What is required: The count of lines below that include the string "Sale" is the whole answer; write it alone.
#### Records to process ####
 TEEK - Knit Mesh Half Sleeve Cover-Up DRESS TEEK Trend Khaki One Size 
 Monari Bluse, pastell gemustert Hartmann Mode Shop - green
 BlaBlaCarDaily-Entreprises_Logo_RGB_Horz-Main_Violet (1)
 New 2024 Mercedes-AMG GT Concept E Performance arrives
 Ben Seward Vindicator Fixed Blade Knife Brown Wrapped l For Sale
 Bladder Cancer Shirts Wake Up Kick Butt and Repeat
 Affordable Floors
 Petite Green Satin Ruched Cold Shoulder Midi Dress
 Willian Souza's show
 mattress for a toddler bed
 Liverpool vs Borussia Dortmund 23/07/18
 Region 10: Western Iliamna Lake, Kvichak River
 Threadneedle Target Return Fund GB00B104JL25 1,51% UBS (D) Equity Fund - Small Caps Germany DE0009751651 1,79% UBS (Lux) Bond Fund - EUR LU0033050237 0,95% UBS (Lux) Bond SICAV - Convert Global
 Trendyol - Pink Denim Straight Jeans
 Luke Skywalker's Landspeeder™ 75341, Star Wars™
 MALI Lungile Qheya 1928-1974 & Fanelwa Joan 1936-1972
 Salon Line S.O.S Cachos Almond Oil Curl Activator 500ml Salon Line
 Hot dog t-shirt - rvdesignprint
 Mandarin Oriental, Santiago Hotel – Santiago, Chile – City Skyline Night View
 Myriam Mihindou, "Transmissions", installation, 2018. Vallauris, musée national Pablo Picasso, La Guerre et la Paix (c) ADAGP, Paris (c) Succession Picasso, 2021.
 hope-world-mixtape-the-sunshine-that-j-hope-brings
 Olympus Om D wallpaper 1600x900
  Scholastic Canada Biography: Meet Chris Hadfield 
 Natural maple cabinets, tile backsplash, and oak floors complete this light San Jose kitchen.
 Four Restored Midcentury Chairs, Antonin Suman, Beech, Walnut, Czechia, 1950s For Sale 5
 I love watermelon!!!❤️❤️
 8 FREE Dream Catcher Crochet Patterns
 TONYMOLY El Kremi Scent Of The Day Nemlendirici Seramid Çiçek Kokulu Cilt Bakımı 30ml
####
Exercise response: 2